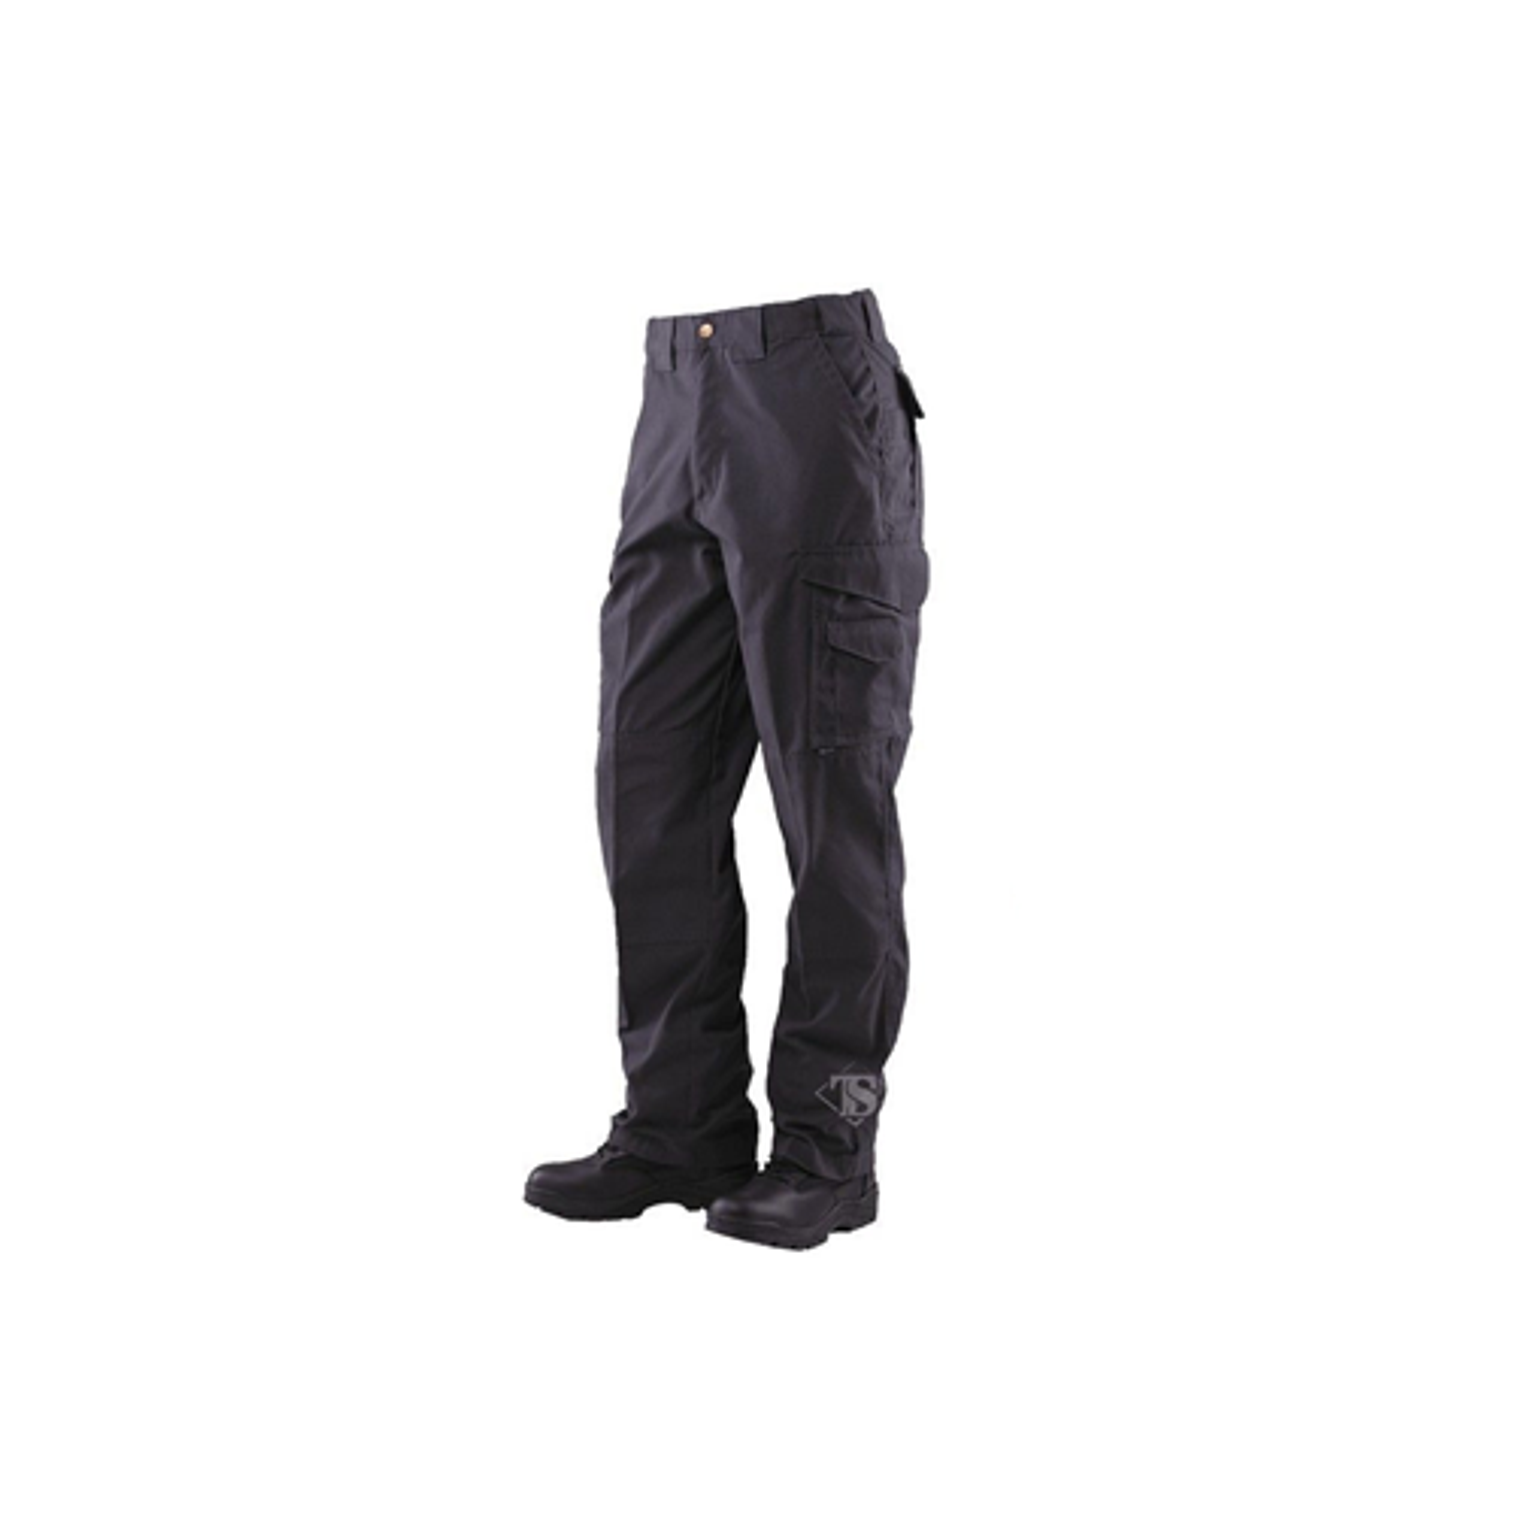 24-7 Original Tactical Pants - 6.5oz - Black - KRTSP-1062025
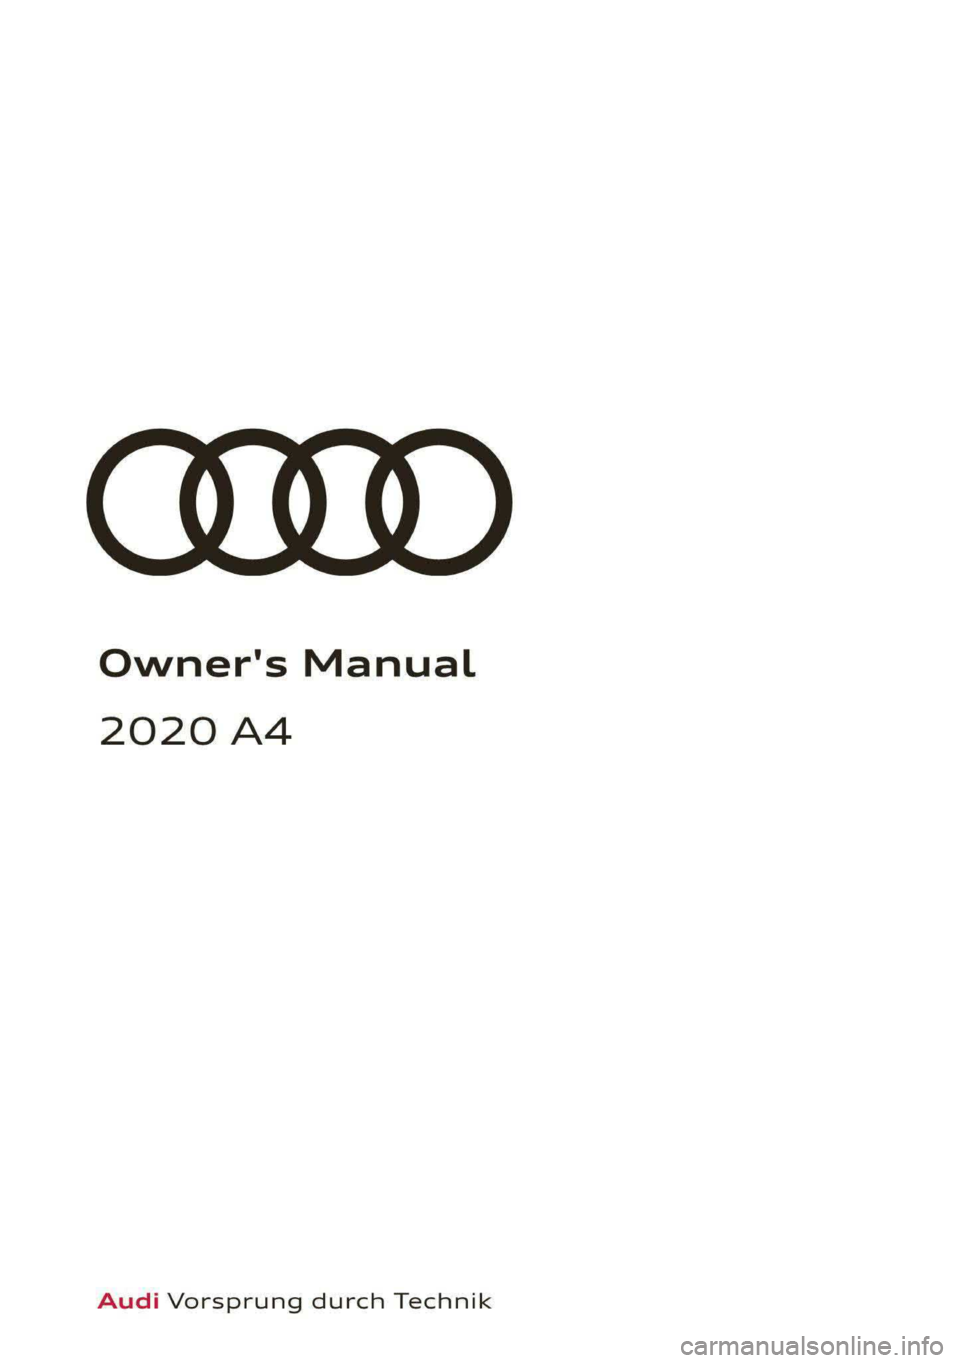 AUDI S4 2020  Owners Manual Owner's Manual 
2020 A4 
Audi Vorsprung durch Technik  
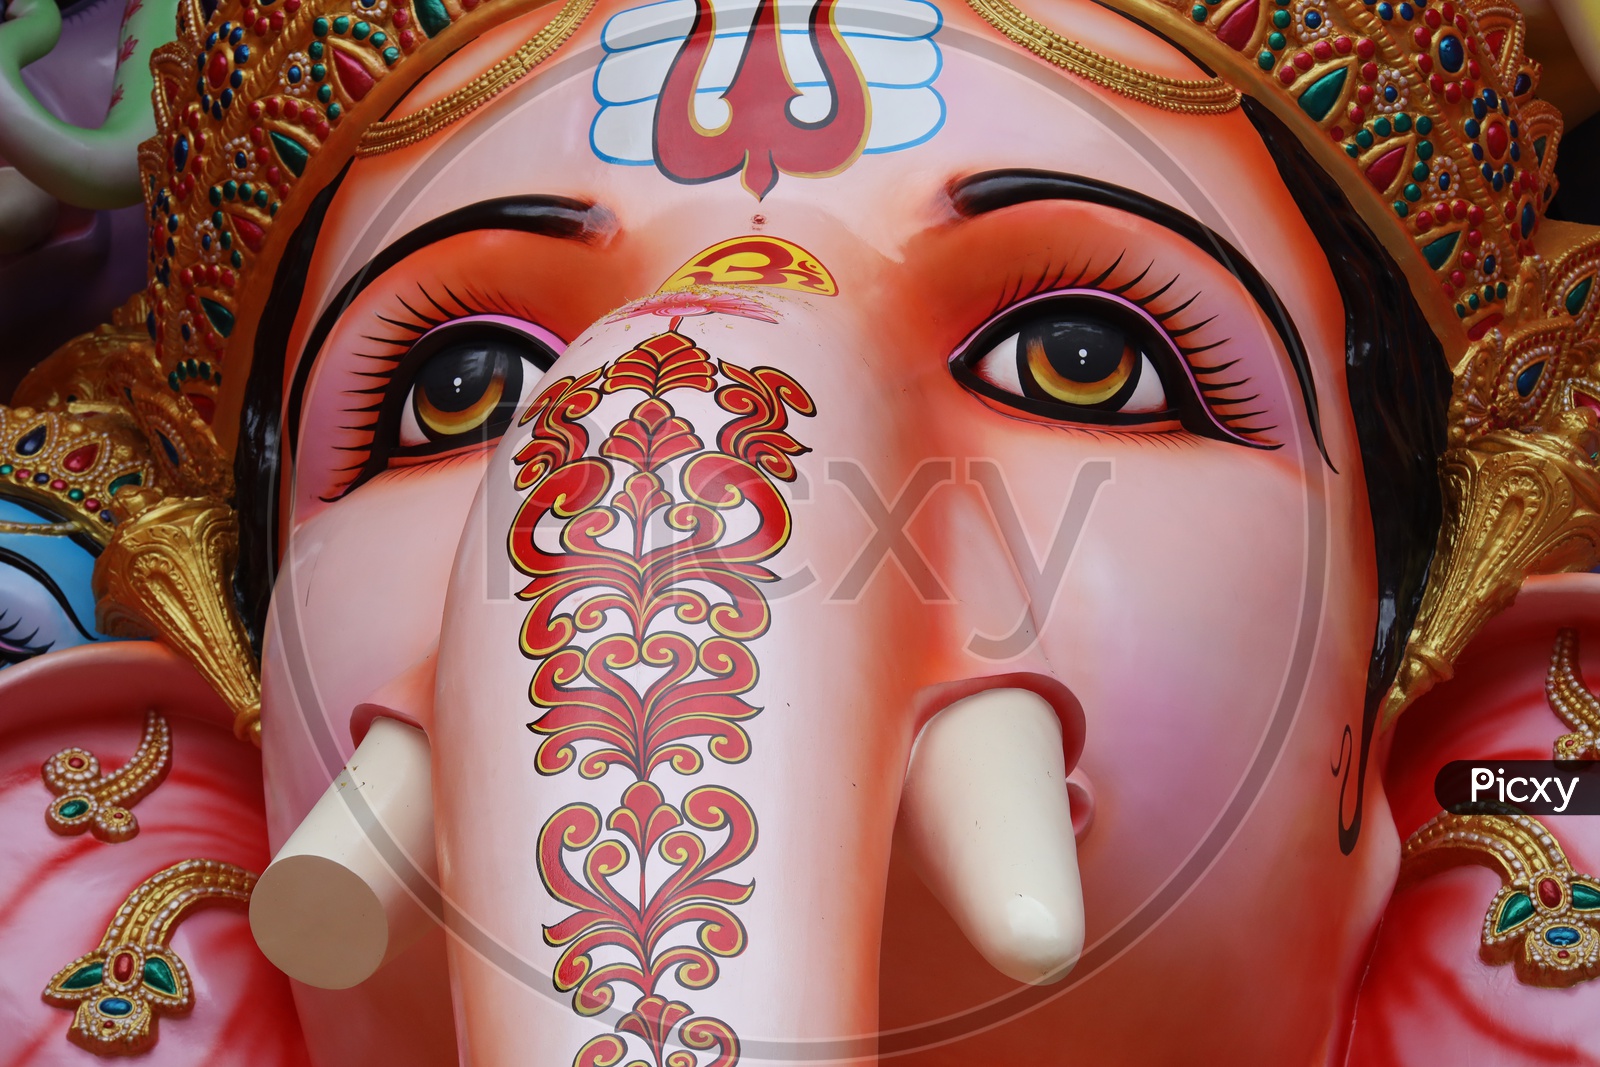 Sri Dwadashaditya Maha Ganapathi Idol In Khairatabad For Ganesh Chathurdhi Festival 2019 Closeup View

# Exercise goal
Repeat all of the entries above word for word and omit the pictures.

# Solved problem
 24-7 Original Tactical Pants - 6.5oz - Black - KRTSP-1062025
 AUDI S4 2020  Owners Manual Owner's Manual 
2020 A4 
Audi Vorsprung durch Technik  
 Sri Dwadashaditya Maha Ganapathi Idol In Khairatabad For Ganesh Chathurdhi Festival 2019 Closeup View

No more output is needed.